The theory is correct in the long-run and especially in cases of hyperinflation. However, for the intermediate term a better theory emerged.
Despite modern-day commentaries, we are not simply “printing money”. However, we are doing it metaphorically. This can be understood with a interest rate theory of inflation.
Knut Wicksell the founder of Modern Monetary Theory
Wicksell’s book Interest and Prices in 1898 explained a more relevant theory of price level movements. . The idea is there was an observable bank rate of interest, that is the rate you might see at the bank. This was known as the market rate of interest. However, there was also another rate of interest that this market rate was to be measured against. That was the natural rate of interest.
A level of interest is too low or too high relative to the natural rate.
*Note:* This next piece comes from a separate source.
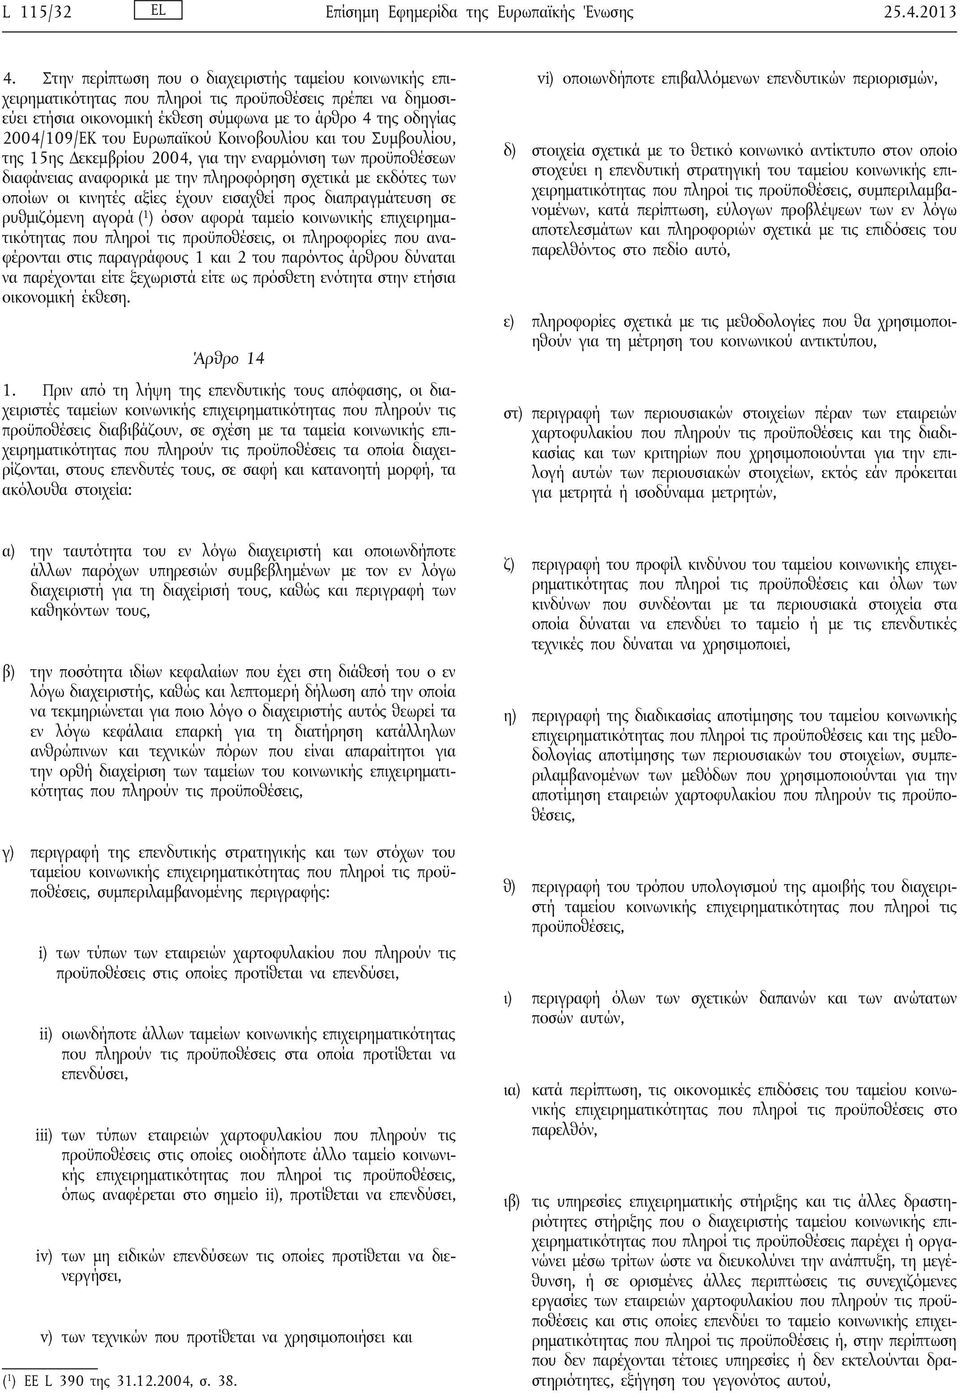 Ευρωπαϊκού Κοινοβουλίου και του Συμβουλίου, της 15ης Δεκεμβρίου 2004, για την εναρμόνιση των προϋποθέσεων διαφάνειας αναφορικά με την πληροφόρηση σχετικά με εκδότες των οποίων οι κινητές αξίες έχουν

A nominal rate tells us little about the appropriate level or the target for the interest rate. However, the nominal rate is relevant when compared to the natural rate. This is not to be confused with the Fisher rate real rate of interest which is simply, the nominal rate minus the inflation rate.
Money Macro Equilibrium
The natural rate is the marginal productivity of capital if barter ratios were used and when harmonized with the market rate should bring money neutrality, that is no monetary inflation or deflation.
There still may be a change in the price level, even a persistent change but that would be caused by other factors, such as technological improvement.
Why are interest rates important for the prices?
Interest rates are a price. Specifically the price for loan-able funds. Purchasing power that can be used to fund the capital formation process. It is a price that is also inter-temporal. That is purchasing power used today versus the future.
Wicksell’s theory shifted the emphasis from a simple relationship between money and capital formation and expansion to purchasing power or credit. We are really talking about what level of credit should be in the market to fund entrepreneurial capital expansion or capital lengthening (Mises, 1912, The Theory of Money and Credit)?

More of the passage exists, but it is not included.